用于红外-可见光图像分类的跨模态双流交替交互网络

doi:10.11772/j.issn.1001-9081.2024010026

《计算机应用》唯一官方网站 ›› 2025, Vol. 45 ›› Issue (1): 275-283.DOI: 10.11772/j.issn.1001-9081.2024010026

• 多媒体计算与计算机仿真 • 上一篇下一篇

用于红外-可见光图像分类的跨模态双流交替交互网络

郑宗生¹, 杜嘉¹(), 成雨荷¹, 赵泽骋¹, 张月维², 王绪龙³

^1.上海海洋大学信息学院，上海 201306
^2.广州气象卫星地面站，广州 510650
^3.山东省国土空间数据和遥感技术研究院（山东省海域动态监视监测中心），济南 250014

收稿日期:2024-01-15 修回日期:2024-03-26 接受日期:2024-04-01 发布日期:2024-05-09 出版日期:2025-01-10
通讯作者: 杜嘉
作者简介:郑宗生（1979—），男，河北唐山人，副教授，博士，主要研究方向：深度学习、遥感图像处理；
成雨荷（2000—），女，新疆博尔塔拉人，硕士研究生，主要研究方向：深度学习、遥感图像处理；
赵泽骋（1999—），男，山东泰安人，硕士研究生，主要研究方向：深度学习、海浪预测；
张月维（1977—），男，广东博罗人，工程师，主要研究方向：地理信息科学、计算机科学；
王绪龙（1972—），男，山东东平人，高级工程师，硕士，主要研究方向：遥感、地理信息。
基金资助:
国家自然科学基金资助项目(41671431);上海市科委地方院校能力建设项目(19050502100);广州气象卫星地面站项目(D-8006-23-0157)

Cross-modal dual-stream alternating interactive network for infrared-visible image classification

Zongsheng ZHENG¹, Jia DU¹(), Yuhe CHENG¹, Zecheng ZHAO¹, Yuewei ZHANG², Xulong WANG³

^1.College of Information Technology，Shanghai Ocean University，Shanghai 201306，China
^2.Guangzhou Meteorological Satellite Ground Station，Guangzhou Guangdong 510650，China
^3.Shandong Provincial Institute of Land Space Data and Remote Sensing Technology （Shandong Provincial Marine Dynamic Monitoring Center），Jinan Shandong 250014，China

Received:2024-01-15 Revised:2024-03-26 Accepted:2024-04-01 Online:2024-05-09 Published:2025-01-10
Contact: Jia DU
About author:ZHENG Zongsheng， born in 1979， Ph.

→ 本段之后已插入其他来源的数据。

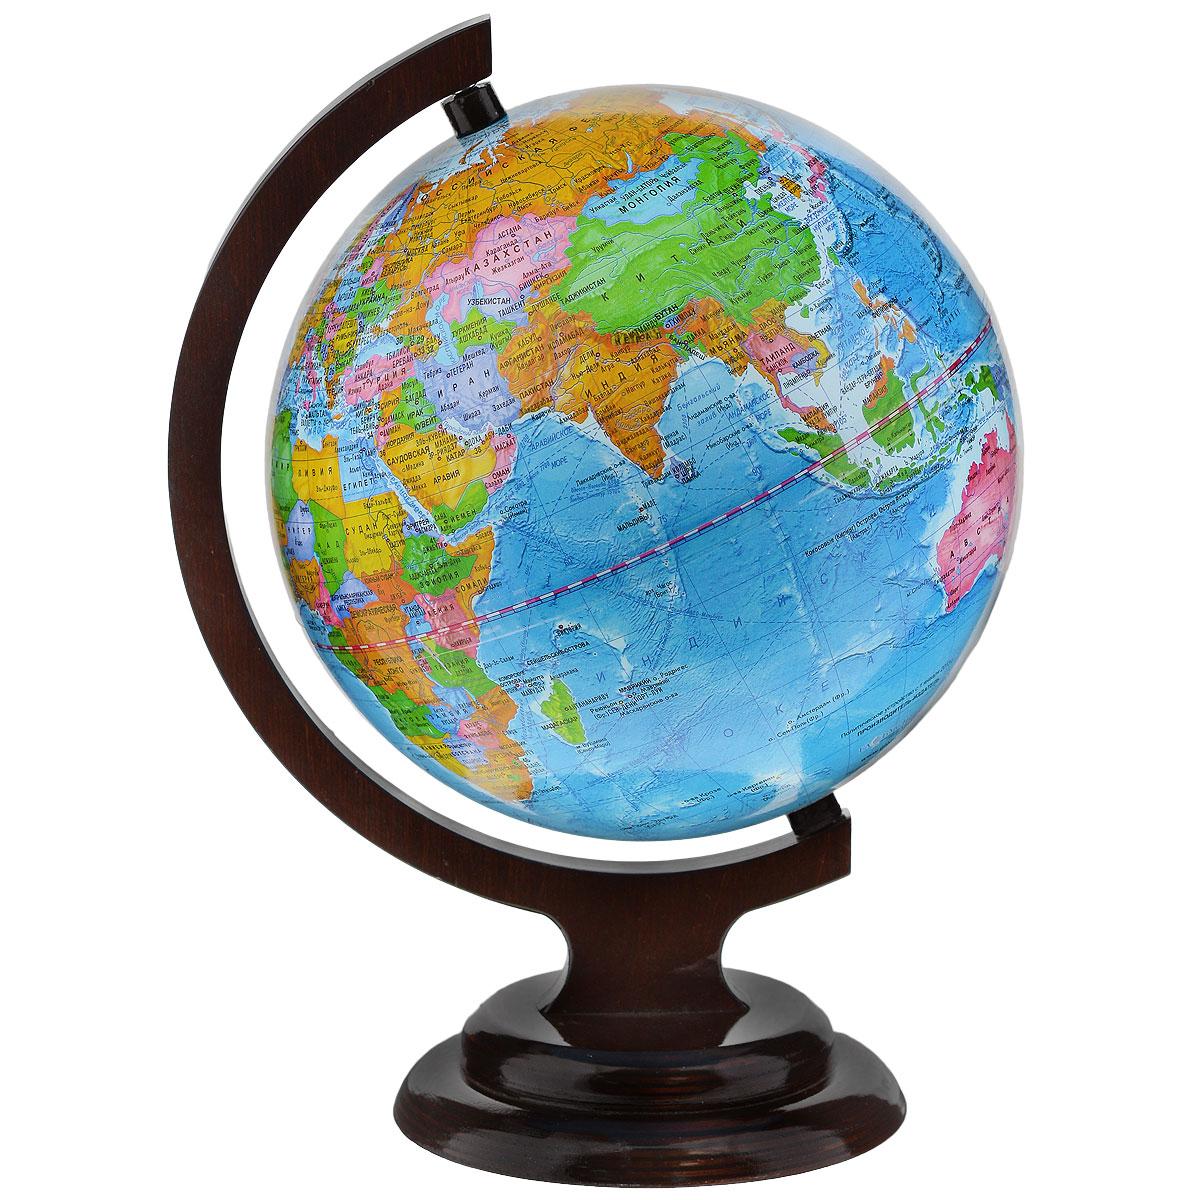 Глобусный мир Глобус с политической картой мира, диаметр 21 см10024Глобус с политической картой мира Глобусный мир, изготовленный из высококачественного прочного пластика, показывает страны мира, сухопутные и морские границы того или иного государства, расположение городов и населенных пунктов. Изделие расположено на красивой деревянной подставке, что придает этой модели подарочный вид. На нем отображены картографические линии: параллели и меридианы, а также градусы и условные обозначения. Каждая страна обозначена своим цветом. Глобус с политической картой мира станет незаменимым атрибутом обучения не только школьника, но и студента. Названия стран на глобусе приведены на русской язык. Настольный глобус Глобусный мир станет оригинальным украшением рабочего стола или вашего кабинета. Это изысканная вещь для стильного интерьера, которая станет прекрасным подарком для современного преуспевающего человека, следующего последним тенденциям моды и стремящегося к элегантности и комфорту в каждой детали. Масштаб: 1:60 000 000.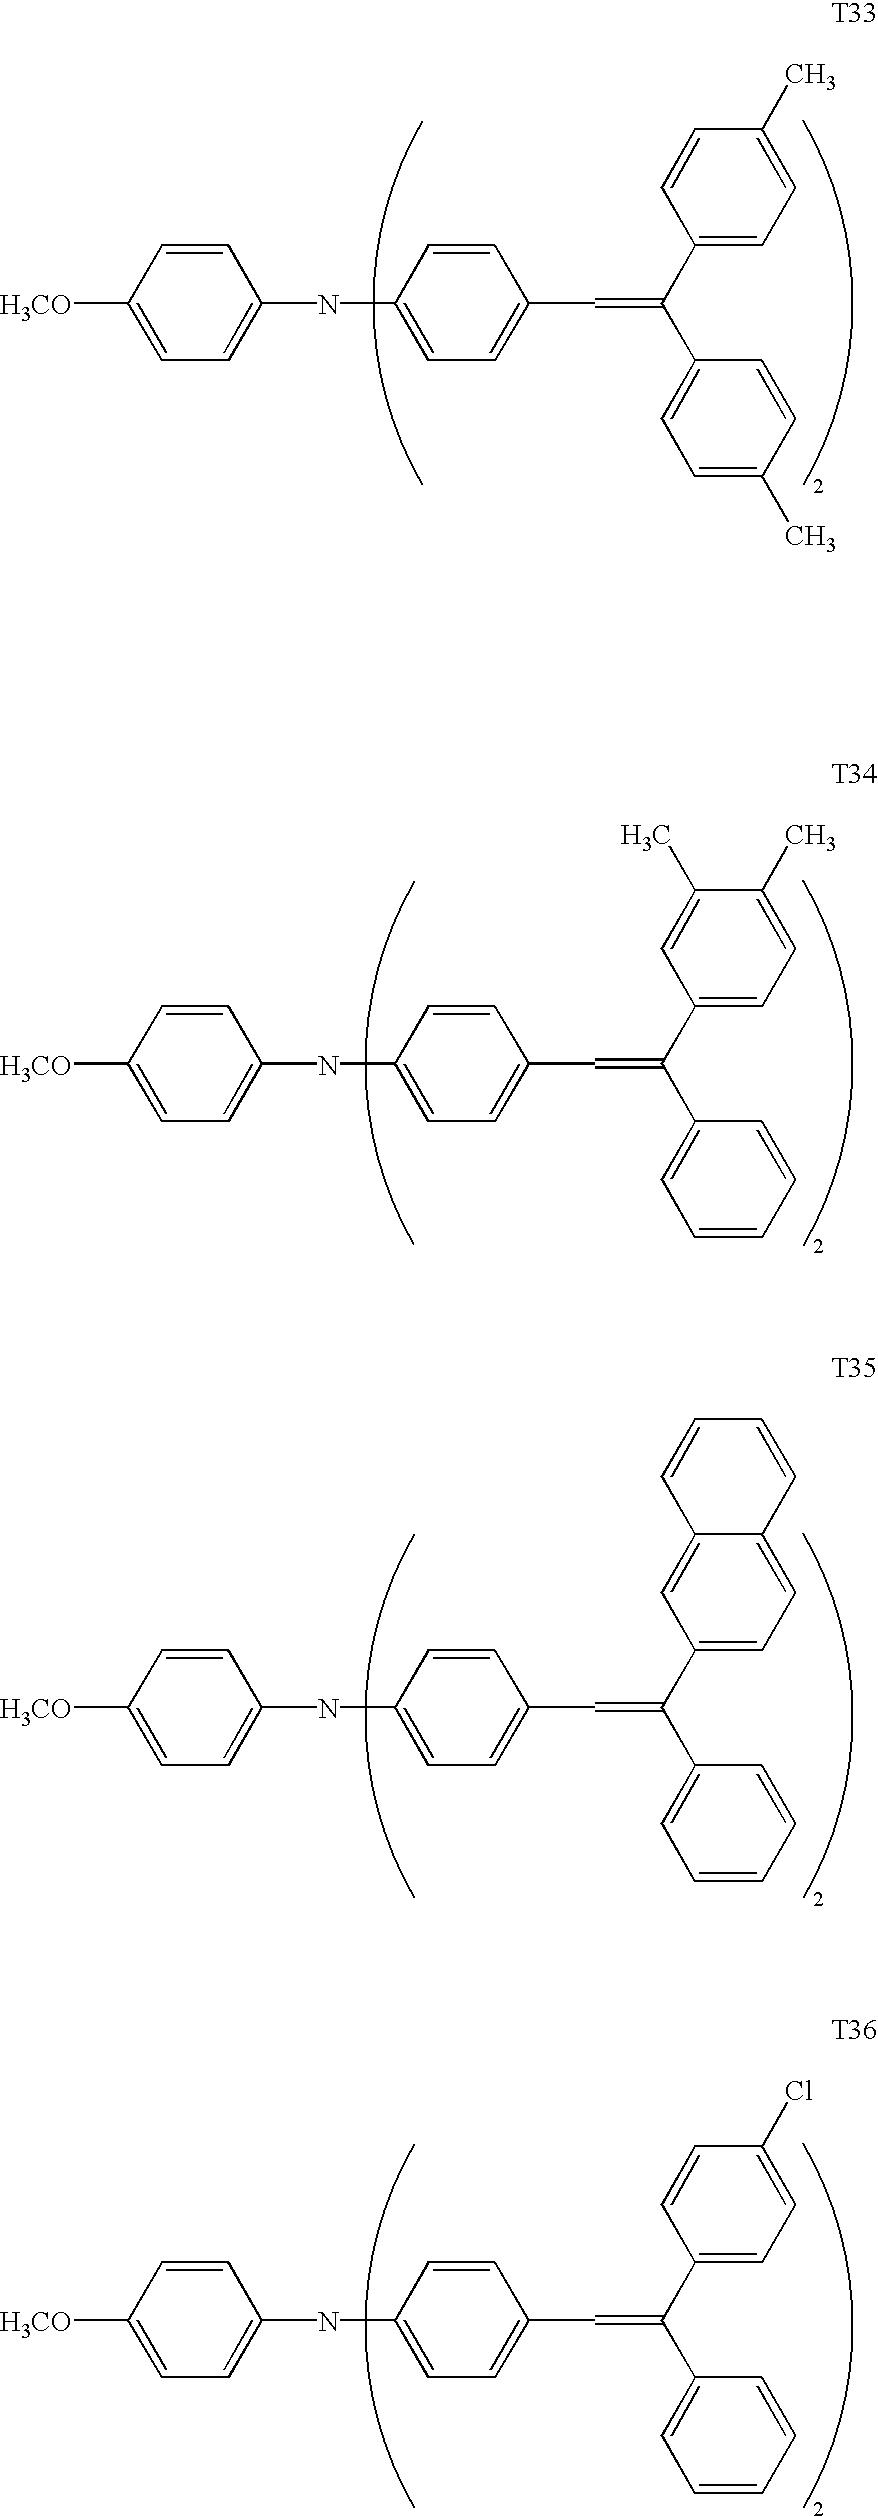 Figure US06919155-20050719-C00016

D.， associate professor. His research interests include deep learning， remote sensing image processing.
CHENG Yuhe， born in 2000， M. S. candidate. Her research interests include deep learning， remote sensing image processing.
ZHAO Zecheng， born in 1999， M. S. candidate. His research interests include deep learning， wave prediction.
ZHANG Yuewei， born in 1977， engineer. His research interests include geographic information science， computer science.
WANG Xulong， born in 1972， M. S.， senior engineer. His research interests include remote sensing， geographic information.
Supported by:
National Natural Science Foundation of China(41671431);Shanghai Municipal Science and Technology Commission Local Colleges Capacity Building Project(19050502100);Guangzhou Meteorological Satellite Ground Station Project(D-8006-23-0157)

摘要/Abstract

摘要：

多特征模态融合时存在噪声的叠加，而为减小模态间的差异采用的级联方式的结构也未充分利用模态间的特征信息，因此设计一种跨模态双流交替交互网络（DAINet）方法。首先，构建双流交替增强（DAE）模块，以交互双分支形式融合模态特征，并通过学习模态数据的映射关系，以红外-可见光-红外（IR-VIS-IR）和可见光-红外-可见光（VIS-IR-VIS）的双向反馈调节实现模态间噪声的交叉抑制；然后，构建跨模态特征交互（CMFI）模块，并引入残差结构将红外-可见光模态内以及模态间的低层特征和高层特征进行有效融合，从而减小模态间的差异并充分利用模态间的特征信息；最后，在自建红外-可见光多模态台风数据集及RGB-NIR多模态公开场景数据集上进行实验，以验证DAE模块和CMFI模块的有效性。实验结果表明，与简单级联融合方法相比，所提的基于DAINet的特征融合方法在自建台风数据集上的红外模态和可见光模态上的总体分类精度分别提高了6.61和3.93个百分点，G-mean值分别提高了6.24和2.48个百分点，表明所提方法在类别不均衡分类任务上的通用性；所提方法在RGB-NIR数据集上的2种测试模态下的总体分类精度分别提高了13.47和13.90个百分点。同时，所提方法在2个数据集上分别与IFCNN（general Image Fusion framework based on Convolutional Neural Network）和DenseFuse方法进行对比的实验结果表明，所提方法在自建台风数据集上的2种测试模态下的总体分类精度分别提高了9.82、6.02和17.38、1.68个百分点。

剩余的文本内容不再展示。